How to Detect Tables in PDF with Scanned Images

It might might seem impossible to detect tables in scanned images: there is no text in an image, hence there cannot be a table either. While it is true that an image is not textual data, it could represent text. So, if we want to have some hope of finding a table, we must first detect and extract any text contained in the image. Luckily we can actually extract textual information from an image, using OCR techniques, Optical Character Recognition.

This is the first step: we try to detect text with OCR software. The best open-source software for this task is Tesseract, so that is the one used by the software we chose to analyze images. OCR has improved a lot from its clunky origins. Some commercial software can even recognize your own handwriting (after some training). Tesseract is not quite there yet, but it generally works well enough for some needs.

The PDF Format Has a Secret

Once we have detected all the text we can get from the PDF, we have a new problem. We have gained some text, but we have also lost all information about the position of the text, so we have no chance to understand whether there is a table or not. That would be bad. However, this time the PDF format is helpful, in that it allows to precisely annotate an image.

Basically we can hide inside the PDF the text found by OCR in the exact position in which it appears in the image. This feature is also used to copy-and-paste from PDF containing scanned images.

Let’s see an example of a PDF containing a scanned image that has been annotated with text detected by OCR software. The original PDF had no text in it. In the following image all the text in the PDF has been selected. This is the content that you could paste manually somewhere else.

Example of an annotated PDF containing a scanned image with text selected
Example of an annotated PDF containing a scanned image with text selected

Now let’s compare that result with the text found directly in a textual PDF. Also in this image the text has been selected.

Example of a textual PDF with text selected
Example of a textual PDF with text selected

As you can see the organization of the text looks fairly similar.

How Can We Do That?

All we have to do is to put back the text inside the PDF. Then we will have a textual PDF on which to use the methods learned in the previous section. We would not be able to use the Lattice method, but we could use the Stream one and look at whitespace to detect any table.

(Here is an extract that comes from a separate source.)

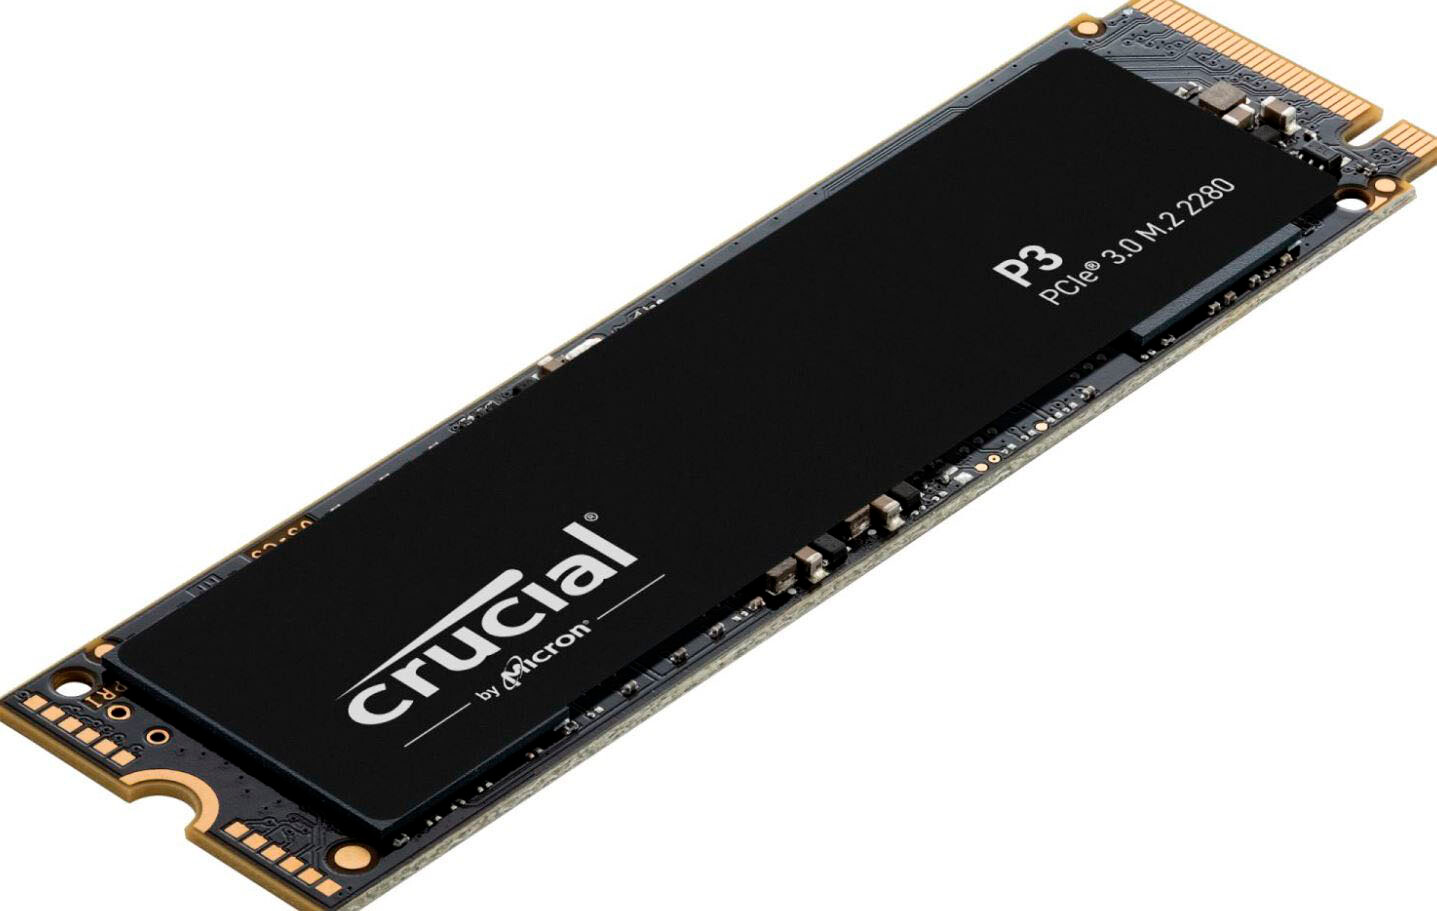 Crucial® P3 500GB 3D NAND NVMe™ PCIe® M.2 SSD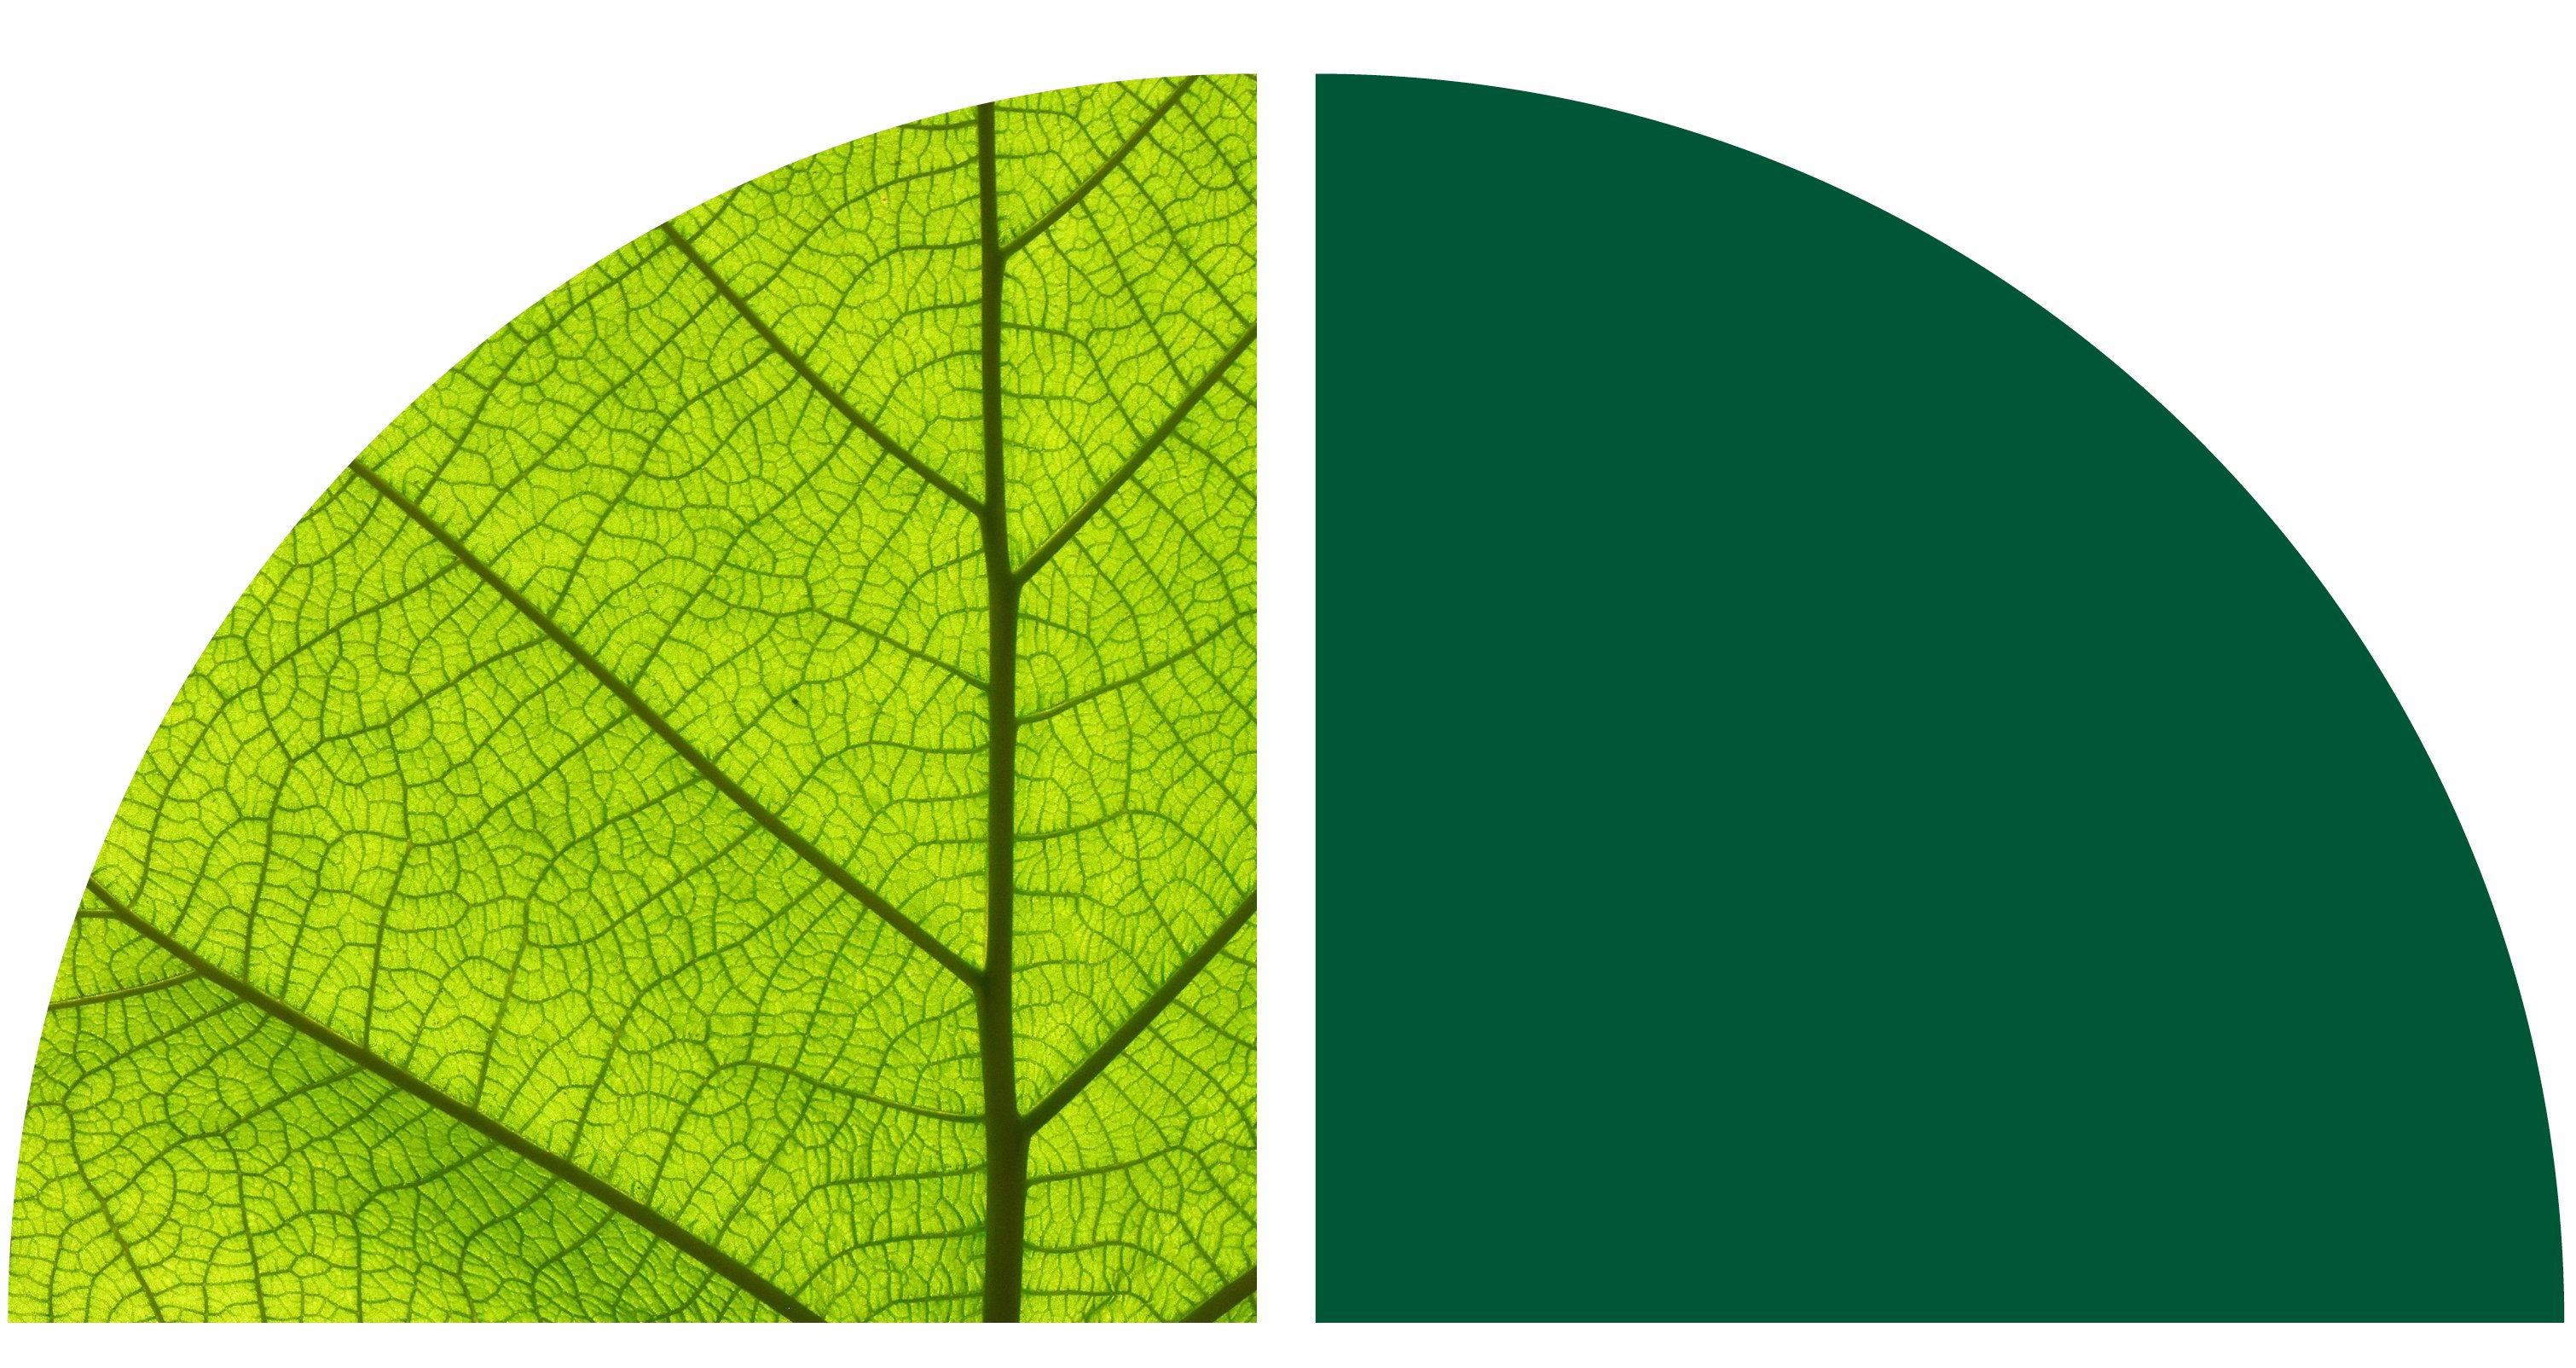 A green leaf.

There is a software that could do all of that: both use OCR to get the text in the PDF and annotate the PDF with the textual information. It is called OCRmyPDF. It is designed to annotate an image PDF to make it searchable, but it works for our task too.

Now we have a general idea of how the whole process will will work, so we can start looking at some results.

It’s a Job for Sysadmins

As you probably guessed by now, you do not really need developers for this. To have a process that is robust and suited to your business needs you want a sysadmin.

You need somebody that has in-depth knowledge of what PDFs you work with it, how your organization works and how to put together some code. Now, we are not sysadmins, and we are certainly not your sysadmins. However, we can help you to understand how all of this will work.

The main software we are going to use are Camelot and OCRmyPDF, which are both written in Python. The first one works on all major desktop OSes. The second one does not work on Windows, although there is a Docker image available. The first one is both a library and command-line tool, while the second one is a command-line tool.

You might also want to look at Excalibur, a web interface for Camelot. This can be quite useful given that the process is inherently non-deterministic. So you can use Excalibur to allow an average user to check and eventually tinker with the detection of the table in a PDF to improve the final result.

Installation Notes

In summary you have to install:

  • OCRmyPDF, to use OCR on PDFs containing images
  • Camelot, to detect the tables inside PDFs
  • Excalibur, if you want a web interface for Camelot

The links point at the installation instructions contained in the respective documentation. This is where you should look to find out precise information on how to install these software and all their dependencies for your platform. Here we just mentioned a few notes related to our experience.

If you want install Camelot with pip:

  • it is camelot-py and not camelot
  • Python tools are not that good: they do not really ensure all dependencies are present. So a software that frequently you have to manually install is OpenCV. You can do that with pip install opencv-python

For OCRmyPDF, remember to install all the tesseract language packs you will need for your use case. And also consider that the version in the repository of your distribution might be severely outdated.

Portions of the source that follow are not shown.